To some outside observers, the political obstruction makes little sense. Peter Singer, a fellow at the Brookings Institution and the author of Wired for War, says both boosters and critics have it wrong. “Too many people are trying to tie it [military energy initiatives] to other ‘green’ efforts, whether it’s the supporters who talk about its effect on climate change mitigation or its opponents who still want to keep their head in the sand on climate change,” Singer says. “In either case, the efforts actually have value whether climate change is in motion or not. The politics of the matter are often getting in the way of national security.”

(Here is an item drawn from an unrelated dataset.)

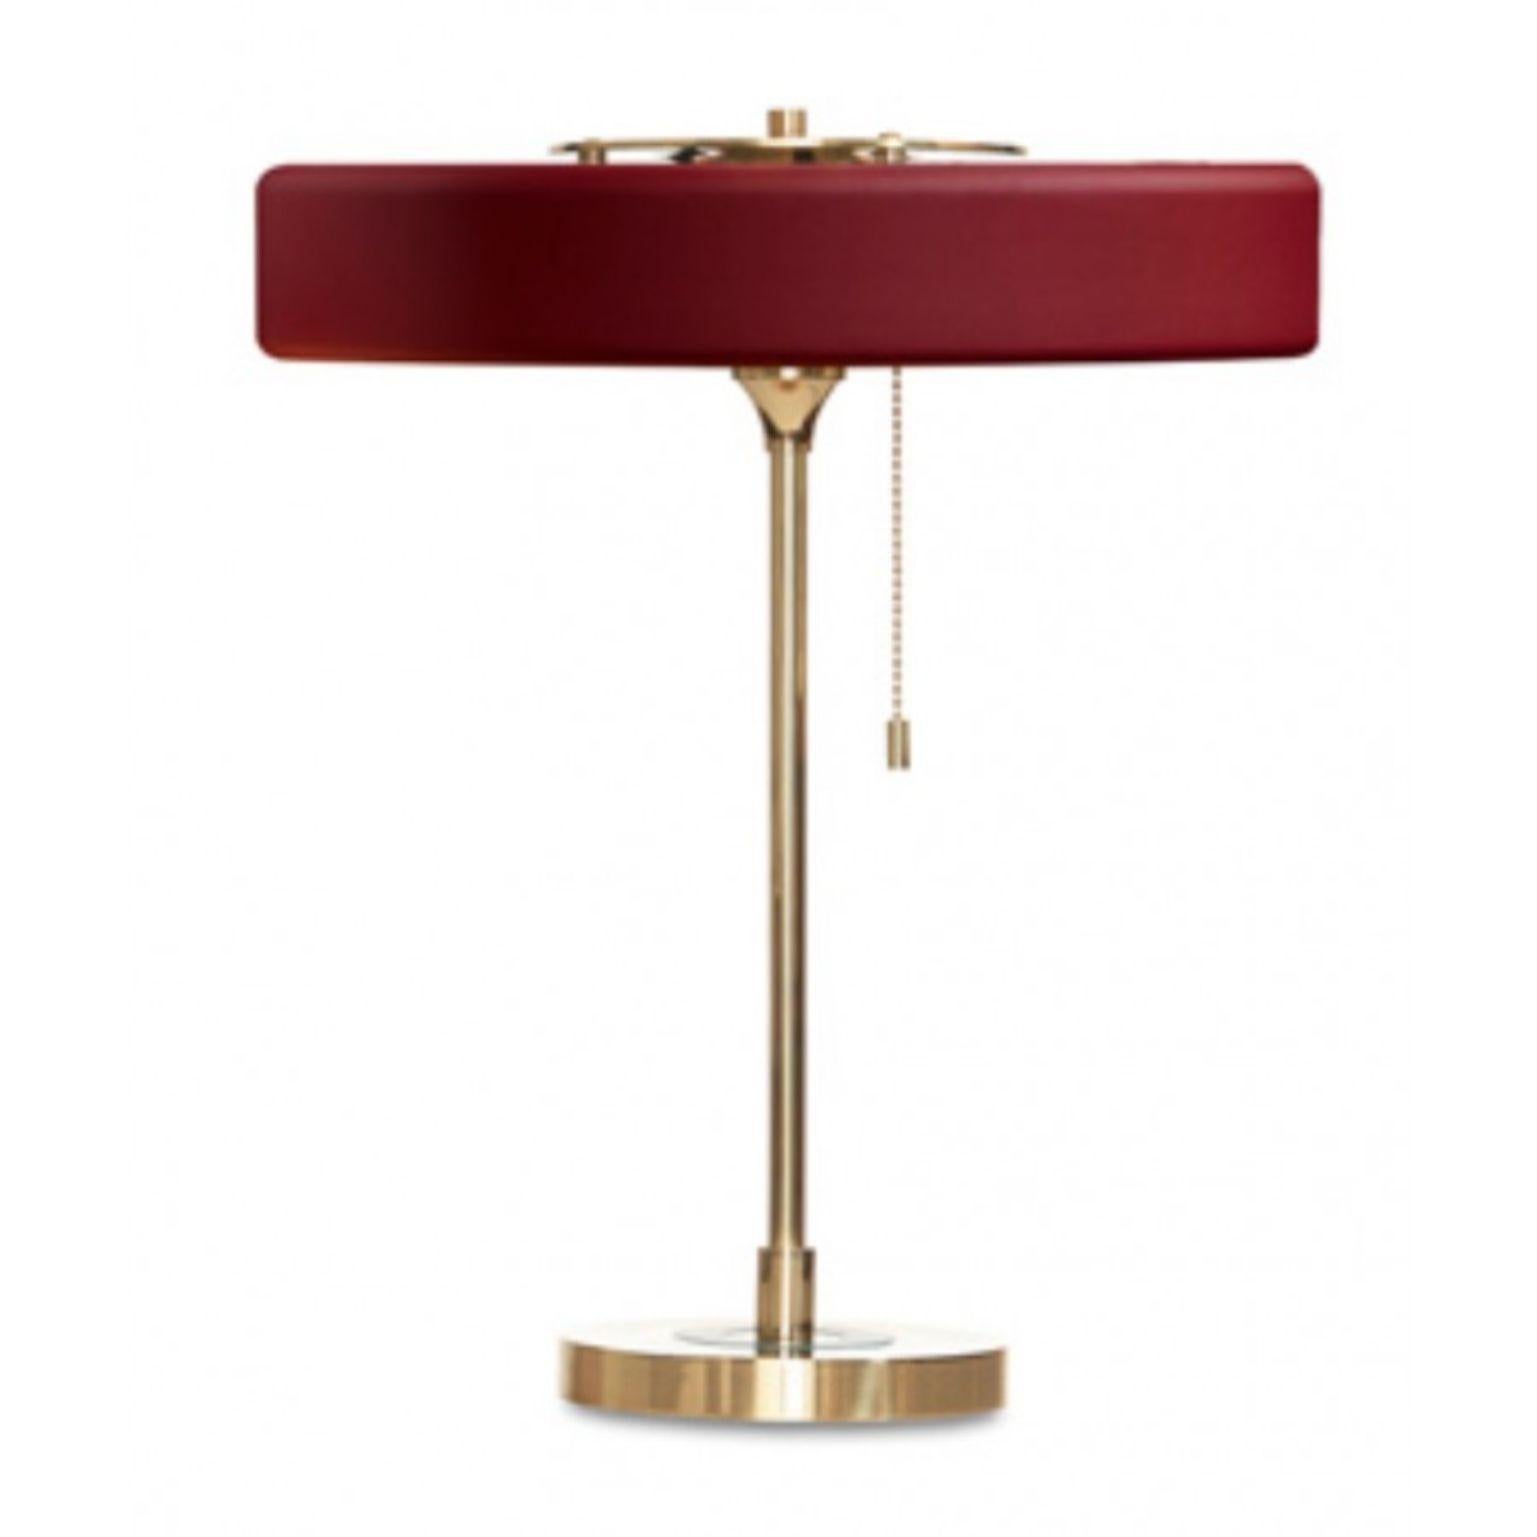 Revolve table lamp - Polished Brass - Oxblood by Bert Frank
Dimensions: 42 x 35 x 15 cm
Materials: Brass, steel

Also Available in brushed brass

When Adam Yeats and Robbie Llewellyn founded Bert Frank in 2013 it was a meeting of minds and the start

And that, I think, is my own bottom line. As an infantry officer I can tell you that I want these technologies. I need these initiatives. I must have them, because to fail in these is more than I can bear.
There are 14 names carved in the granite of my memory, the names of dead men and women from the wars in Afghanistan and Iraq. Seventy more people I know, loved, led, and taught, lost flesh or limbs in those same conflicts. We in uniform do not pick the wars. You, the voters, choose the leaders who decide such things. But we carry the weight. New renewable energy technologies could lessen the load that you place upon us. Not all of that load, I know, but at least some of it. And, for a soldier, “some” has to be enough.